O PT gritou alto após a sentença, mas vai se reunir hoje, na sede da CUT, em São Paulo, para decidir o futuro. Um cacique da legenda chegou a confidenciar que será um encontro para discutir o pós-Lula. Corrigiu-se em seguida, dizendo que era “pós-condenação”. Ainda assim, a percepção é de que as coisas complicaram. Os tradicionais aliados de esquerda soltaram notas de apoio ao ex-presidente antes do julgamento, mas apenas o PCdoB estava com representantes da Executiva Nacional no palanque de Porto Alegre.

O PDT terá a convenção nacional para ratificar a candidatura de Ciro Gomes ao Planalto em 8 de março. O PSol realizará um encontro entre 1º e 2 de fevereiro para escolher seu nome — o favorito até agora é o dirigente do Movimento dos Trabalhadores Sem-Teto (MTST), Guilherme Boulos. O próprio PCdoB, de olho no futuro, na necessidade de eleger uma bancada robusta para não ser engolido pela cláusula de barreira, pretender manter Manuela D’Ávila na urna presidencial. “É uma maneira de manter viva as ideias do campo progressista”, declarou a presidente nacional da legenda, deputada Luciana Santos (PE).

O próprio Lula, em seu discurso em São Paulo, foi mais comedido que o partido. “Não estou preocupado se vou ser candidato a presidente ou não. Quero que peçam desculpas pela quantidade de mentiras que colocaram sobre mim”, disse ele. Sem deixar isso claro, ensaiou um discurso para ser usado por quem possa sucedê-lo como candidato do PT ao Planalto. Destacou que programas de seu governo, como Fies e Prouni, estão diminuindo, e que o trabalho com carteira assinada está ameaçado.
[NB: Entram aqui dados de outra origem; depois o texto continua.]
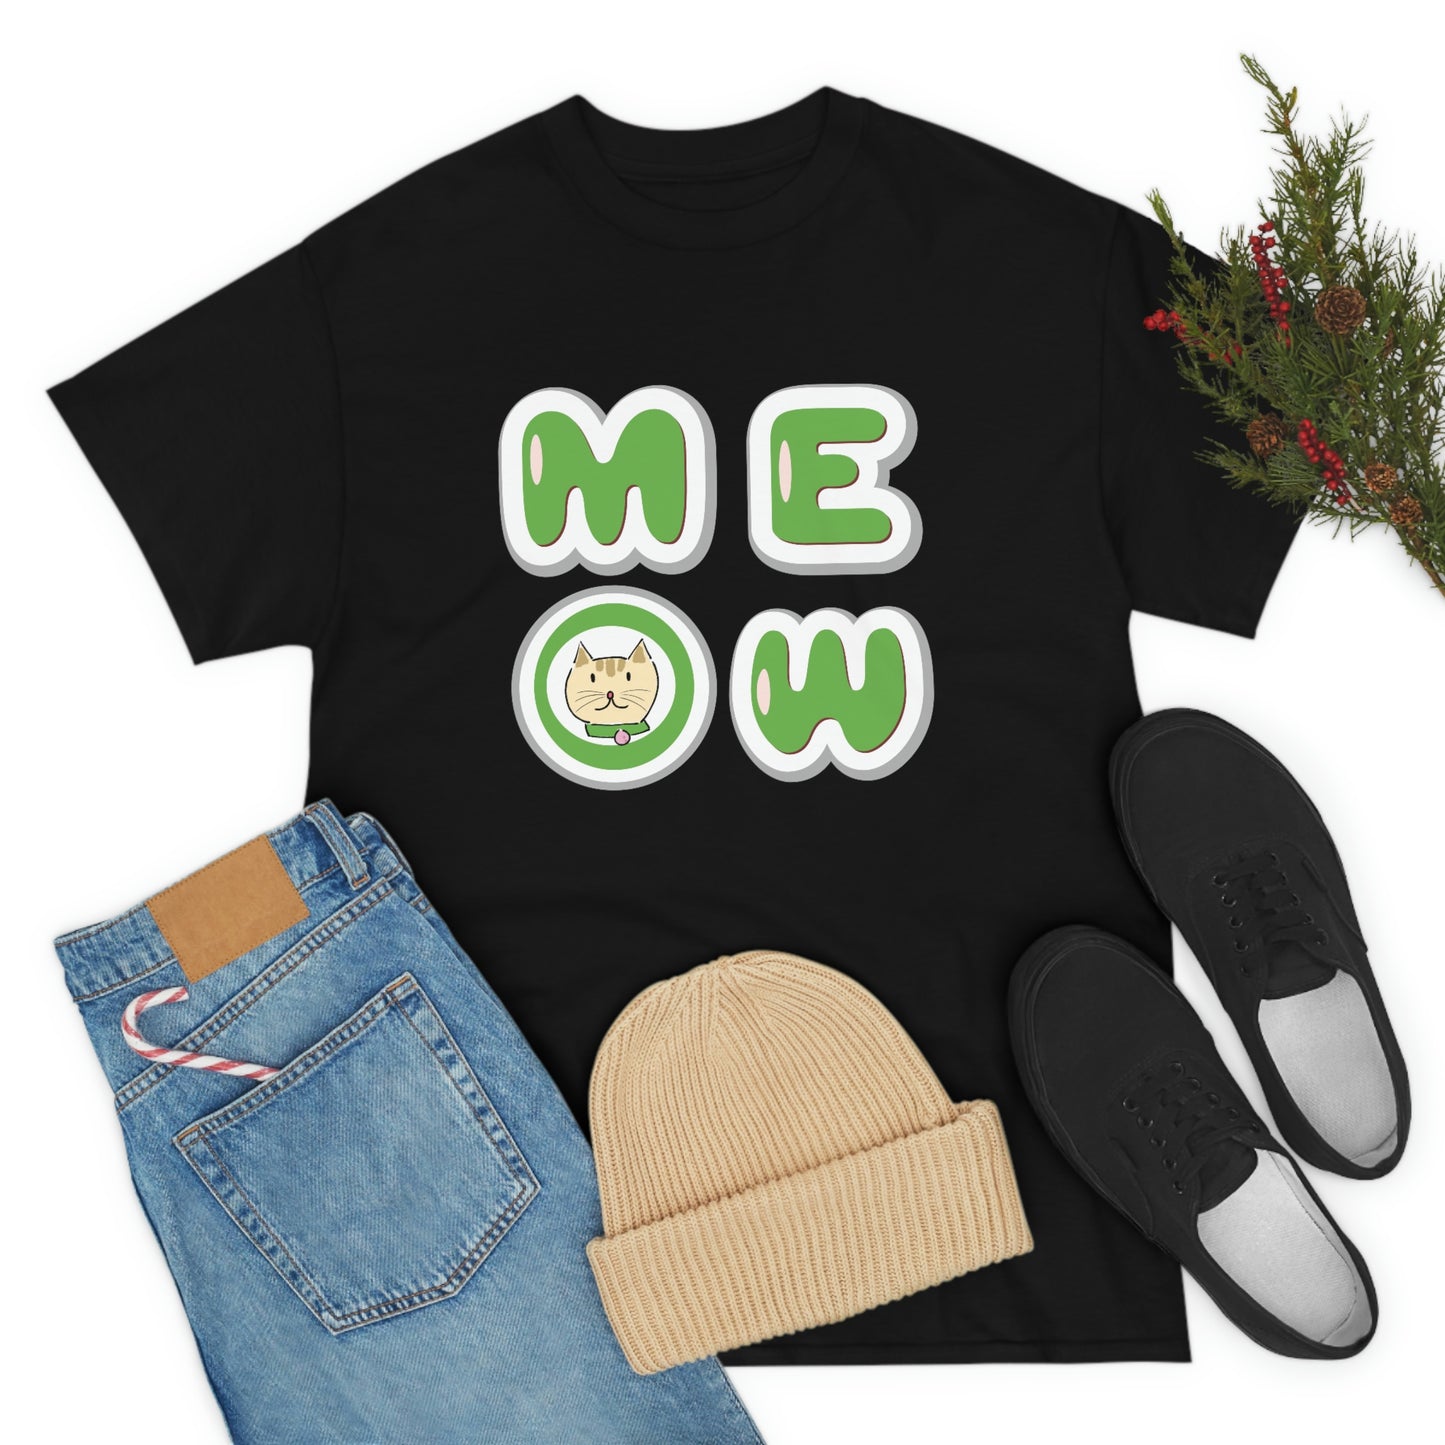 Big Meow logo with cute cat design Cotton Tee

“Eles não podem prender o sonho de liberdade, as ideias. Lula é apenas um homem de carne e osso. Podem prender o Lula, mas as ideias já estão colocadas na cabeça da sociedade brasileira. As pessoas já sabem que é gostoso comer bem, morar bem, viajar de avião, comprar carro novo, ter casa com televisão e computador”, discursou.

Tom mais alto

Já a nota da presidente do PT, senadora Gleisi Hoffmann (PR), foi mais dura que as palavras do próprio Lula. Segundo ela, o julgamento de ontem foi o “início de mais uma jornada do povo brasileiro em defesa da democracia e do direito inalienável de votar em Lula para presidente da República”. E afirmou que a sentença do TRF-4 foi uma farsa, fruto do “engajamento político-partidário de setores do sistema judicial, orquestrado pela Rede Globo, com o objetivo de tirar Lula do processo eleitoral”. Em nota, o Grupo Globo afirmou que a menção à Rede Globo na nota do PT “merece apenas um comentário: ela é desrespeitosa, despropositada, fora da realidade”.
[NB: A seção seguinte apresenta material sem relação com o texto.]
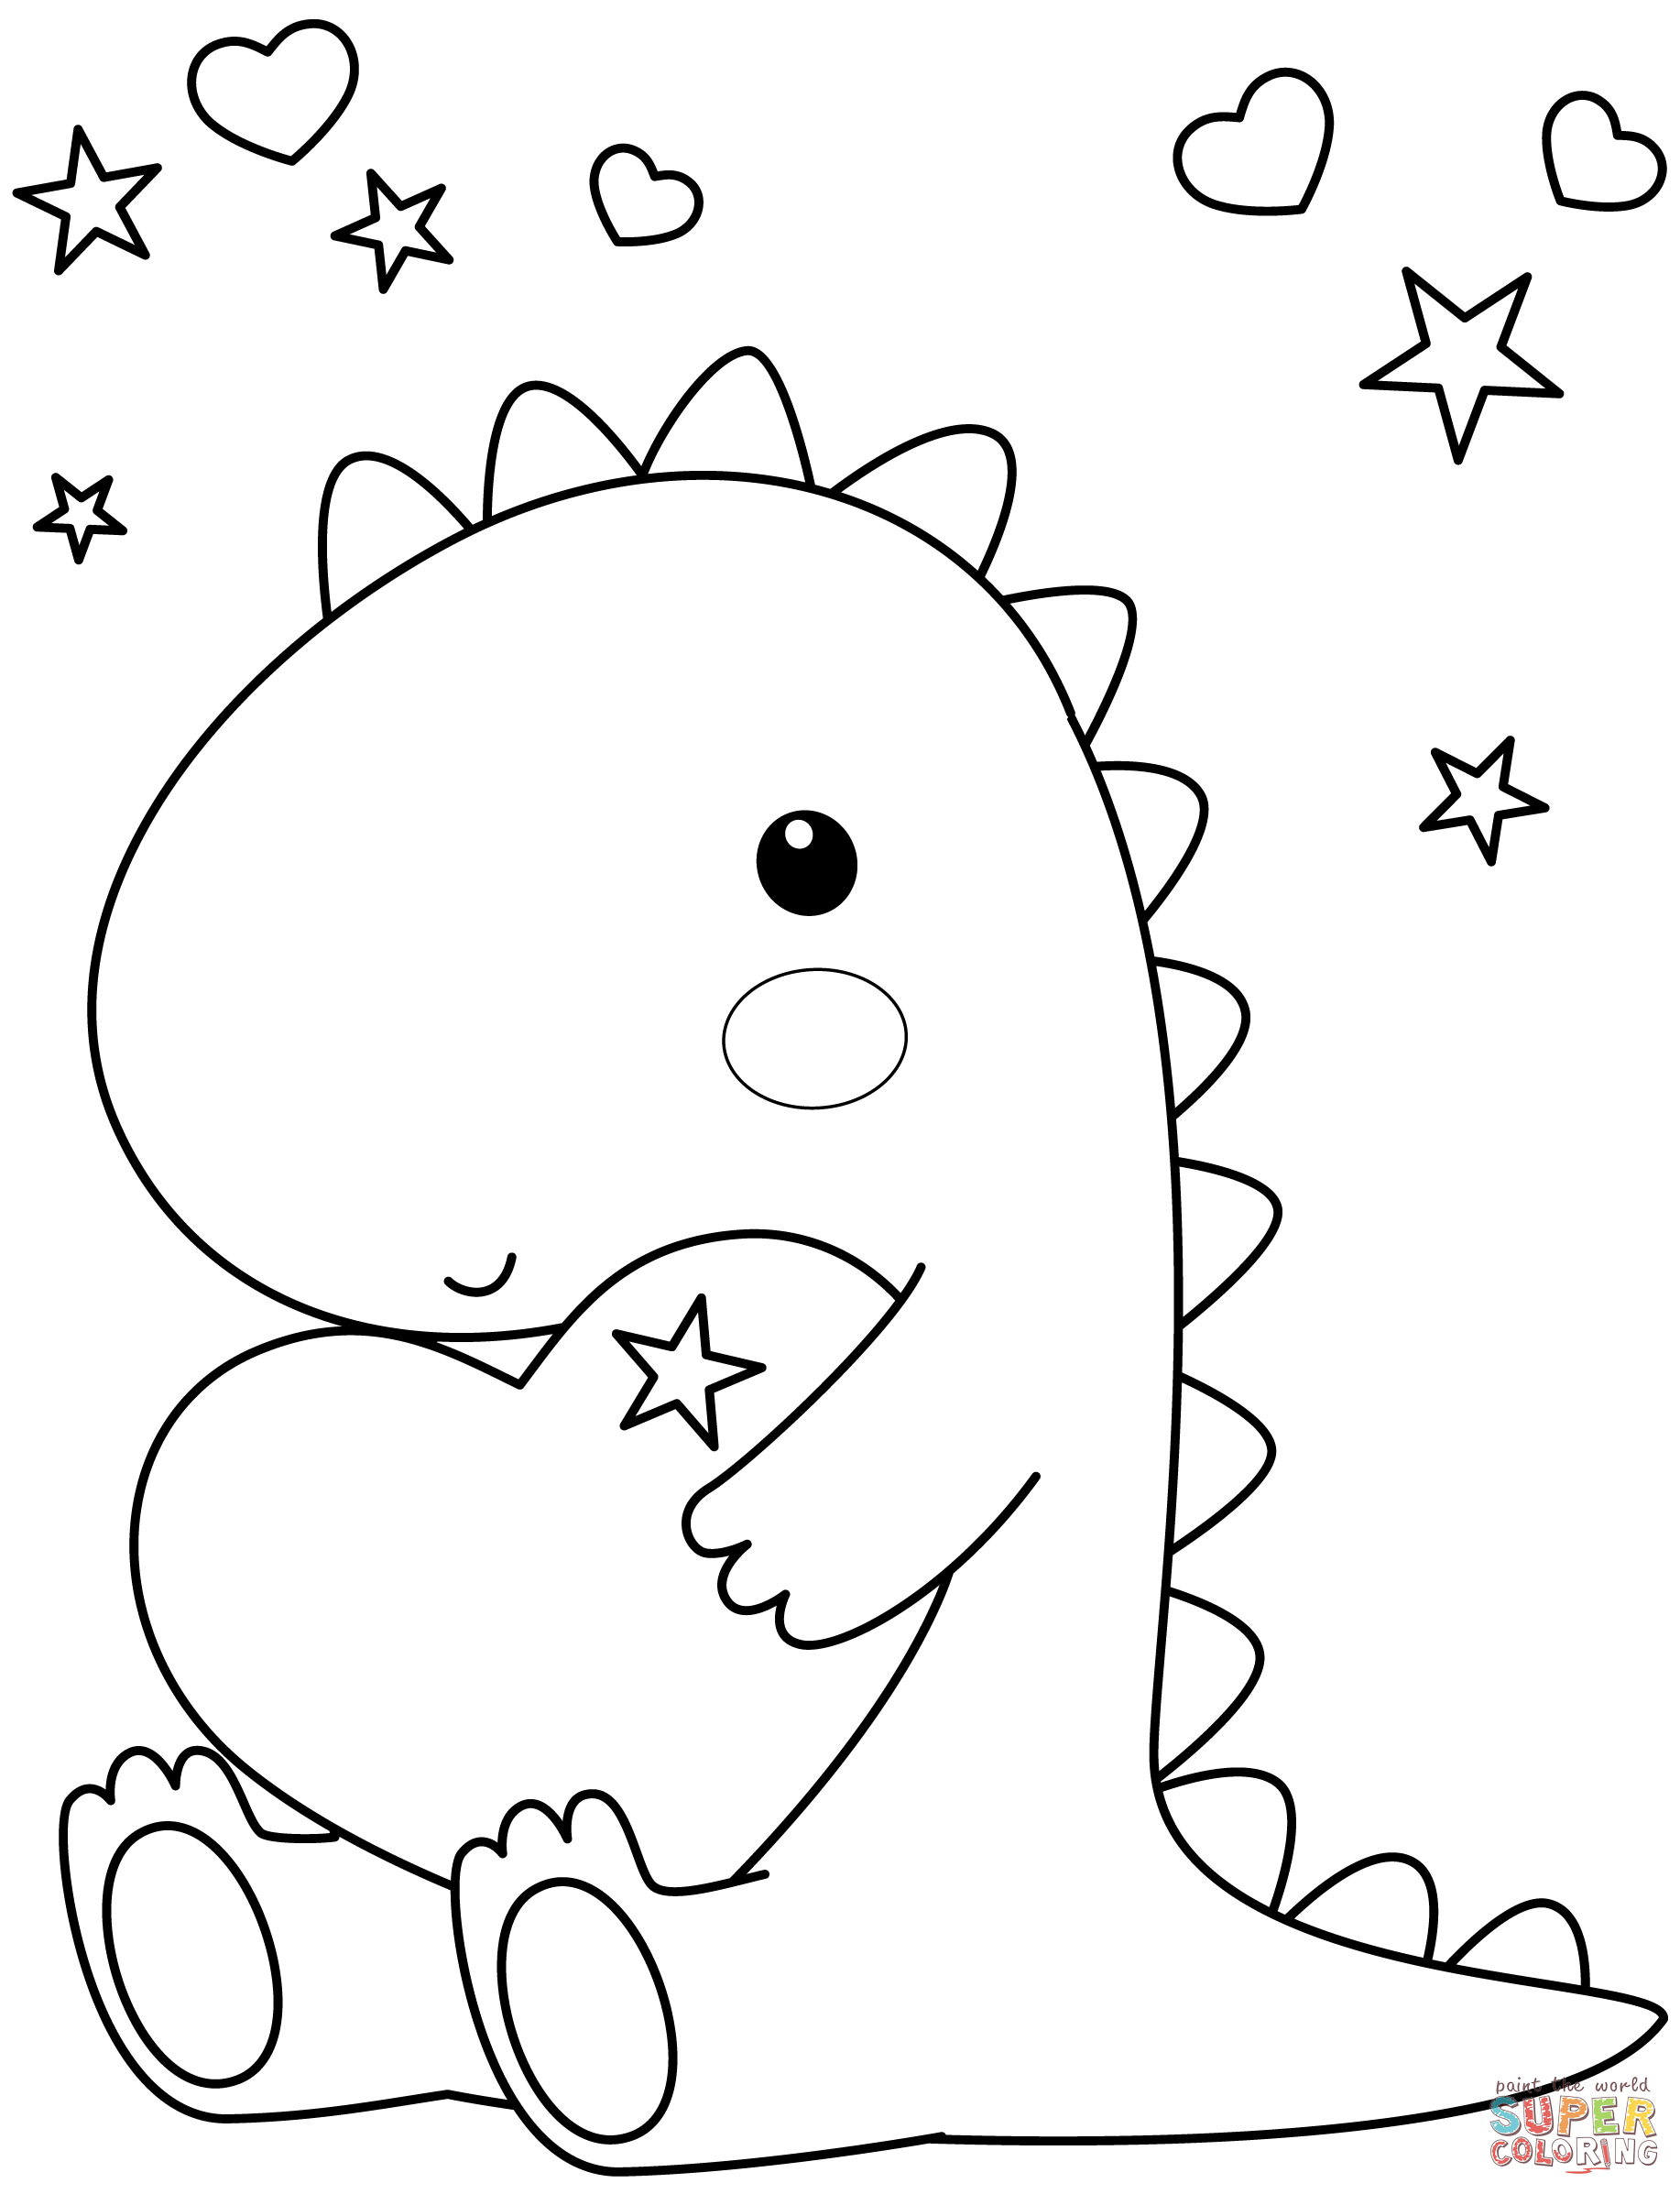 Kawaii dinosaur with heart coloring page free printable coloring pages

O encontro de hoje contará com a presença de Lula, da ex-presidente Dilma Rousseff, dos senadores, deputados federais e estaduais, governadores, presidentes dos diretórios estaduais do PT e dirigentes dos movimentos sociais. Gleisi conclamou todos os democratas do Brasil para estarem “mais unidos do que nunca, fortalecidos pelas jornadas de luta que mobilizaram multidões nos últimos meses”.
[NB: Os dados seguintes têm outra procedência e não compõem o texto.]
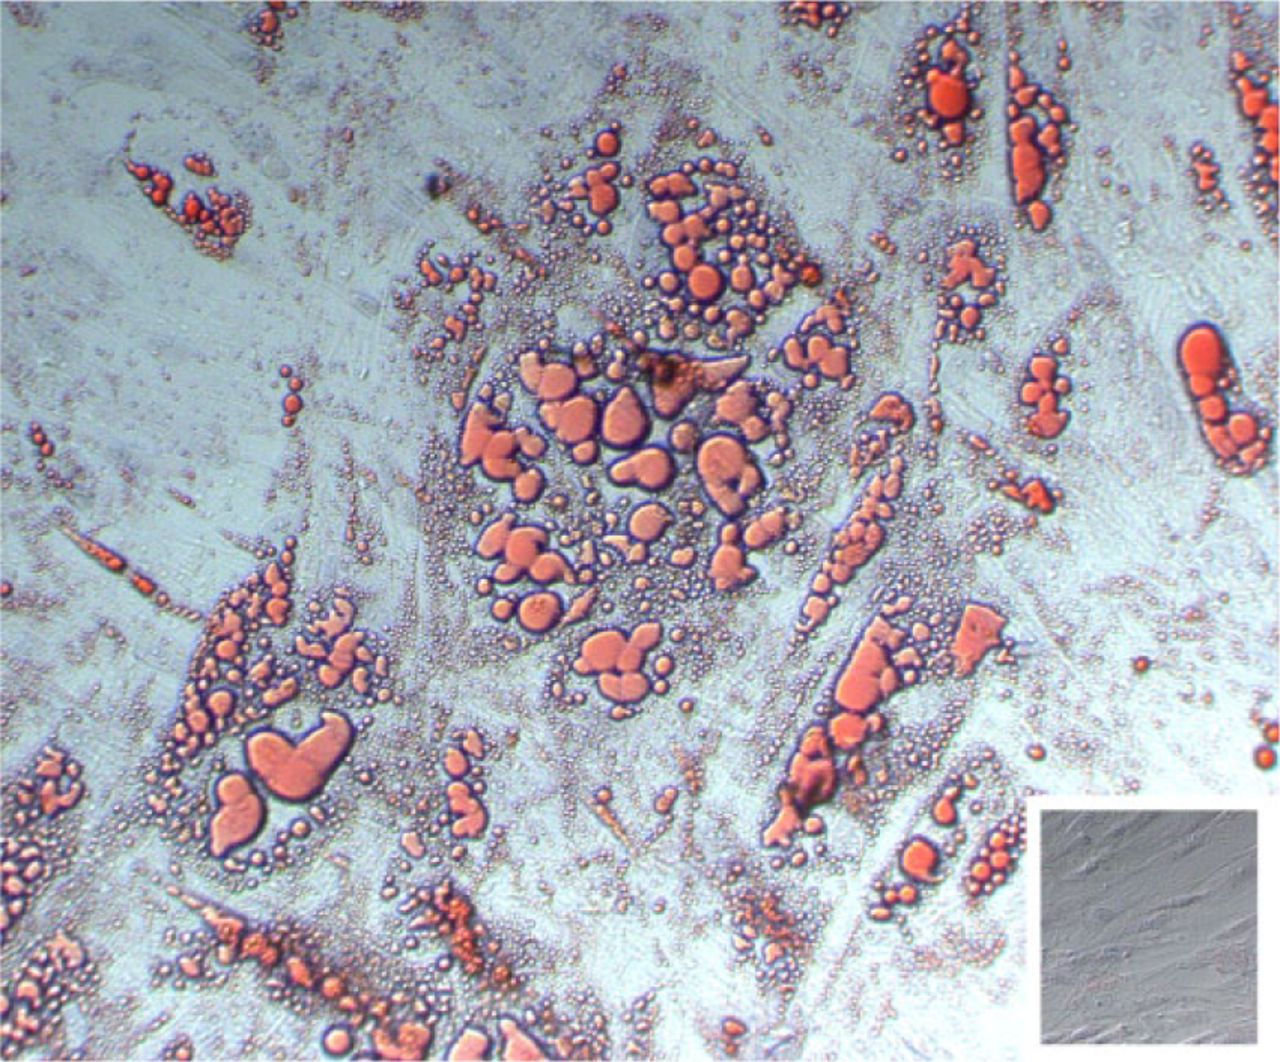 Fig. 8 
            Biomembrane cells cultured for adipogenesis show the presence of fat droplets (stained red in the micrograph). Insert lower right shows that biomembrane cells cultured in control media showed no presence of fat droplets (original magnification ×200).

Além da dificuldade natural de pensar em um cenário eleitoral sem Lula, caso o ex-presidente não consiga, de fato, concorrer, o PT tem outro problema a resolver: quem será este nome? A hipótese mais provável seria o ex-governador e atual secretário de desenvolvimento econômico da Bahia, Jaques Wagner. Ex-ministro de Lula e Dilma, Wagner terminou o governo estadual bem avaliado e elegeu o sucessor, Rui Costa, além de seu vice, Otto Alencar (PSD) ter sido eleito senador.